Tuesday, October 30, 2007

How to treat currency schizophrenia?

I can never figure out currencies, because they're really complicated. The trouble is, the same stuff (money) is used for both spending and saving (or, if you like, investing). Based on money for spending, the dollar looks unreasonably weak. My daughter is spending a semester over in Paris, and it's costing a lot because you don't get so many Euros for your dollar anymore. You'd think that would correct itself: Americans stop buying European stuff, Europeans start buying American stuff, supply and demand shifts, dollar gets stronger. Trouble is, stuff is only a small part of the picture. Last time I looked, which was a while ago, the forex market turnover was about $2 trillion per day -- much more than you could explain just on people wanting to exchange stuff. For the rest of it, I guess, you have to look at the investing side: savers. And they don't care about how much stuff costs in one country or the other, they just go to the currencies with the highest interest rates, which is not the US right now, which is why the dollar is weak. Because of the hyperactivity of the securities markets, the saving/investing aspect of money overwhelms the stuff-buying aspect. It's almost like you need two different forms of money.

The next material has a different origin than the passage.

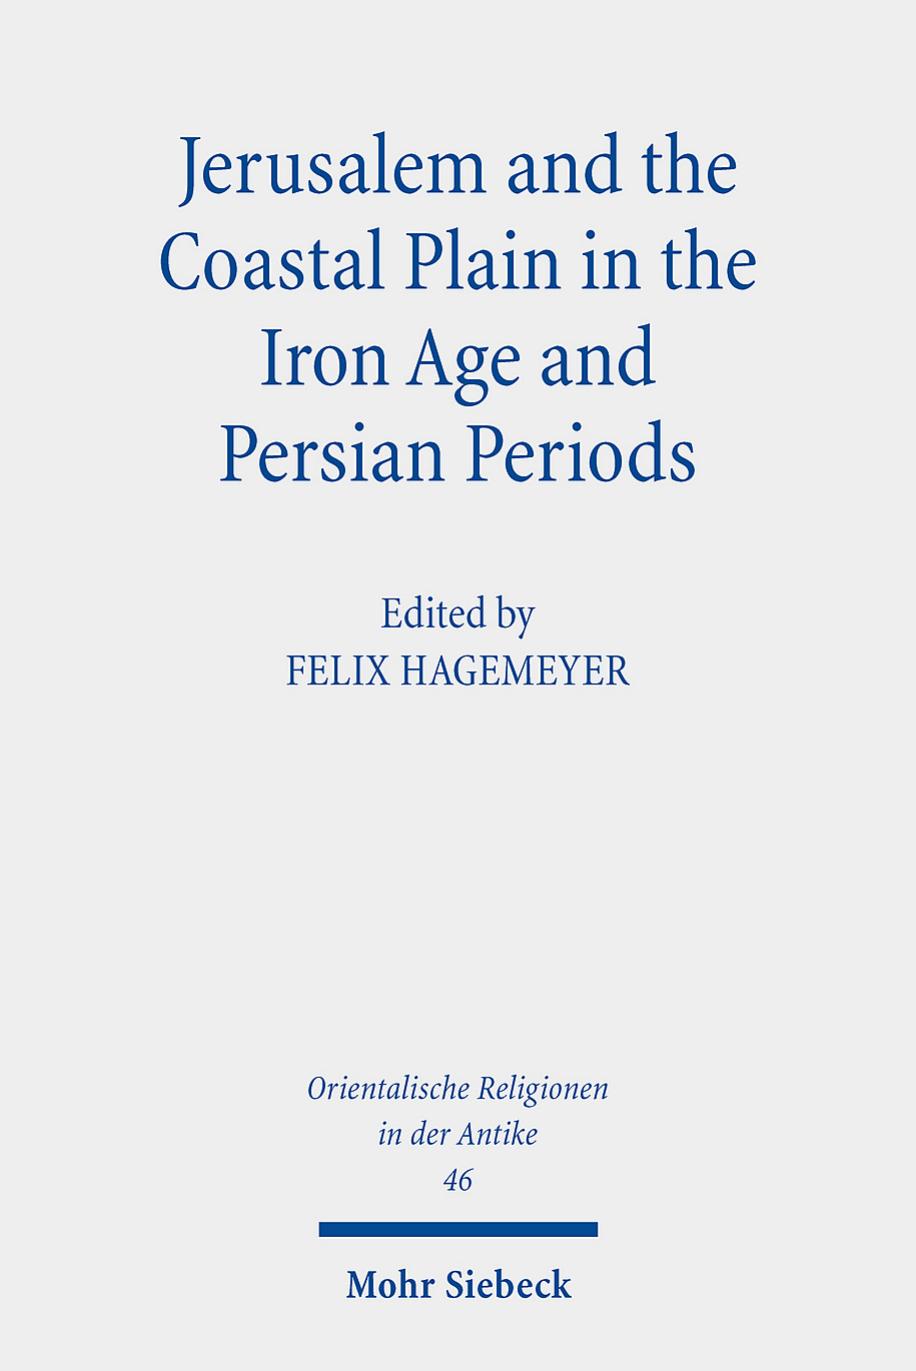 Jerusalem and the Coastal Plain in the Iron Age and Persian Periods by Felix Hagemeyer

I always think there must be an arbitrage here, to take advantage of the different dynamics of stuff-buying dollar and the investment-buying dollar. If there were, then I suppose it would be: buy stuff in the US and sell it overseas. Or look for companies that do this.

Friday, October 26, 2007

Not so strange

I think I get it now: bad economic news increases the danger of a recession, which hits the cyclical semiconductor stocks; it also increases the likelihood of an interest-rate cut, which lifts the more diversified S&P 500.

Tuesday, October 23, 2007

Strange divergence

It seems almost every time I look at my watchlist these days that the S&P 500 and the SOX (semiconductor) index move in opposite directions. Weird.

Tuesday, October 16, 2007

Shell Game Continued

So the banks are supplying money to back their SIVs. How is this supposed to help? Where are the banks getting the cash to do this, other than off their own balance sheets, which were exposed to the SIVs in the first place?

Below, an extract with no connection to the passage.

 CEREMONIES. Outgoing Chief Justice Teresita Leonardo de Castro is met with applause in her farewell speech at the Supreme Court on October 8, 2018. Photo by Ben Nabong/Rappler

Well, the big three behind the deal are going to pull in other banks to help fund the backup pool. Banks that aren't worried about SIVs won't do it -- why should they? Only banks with problem SIVs will participate.

Maybe it's just a back door government bailout. The Treasury helped put the deal together. No doubt they will persuade the Fed to back it -- which is to say, the taxpayer.

Hiding the risk doesn't get rid of it.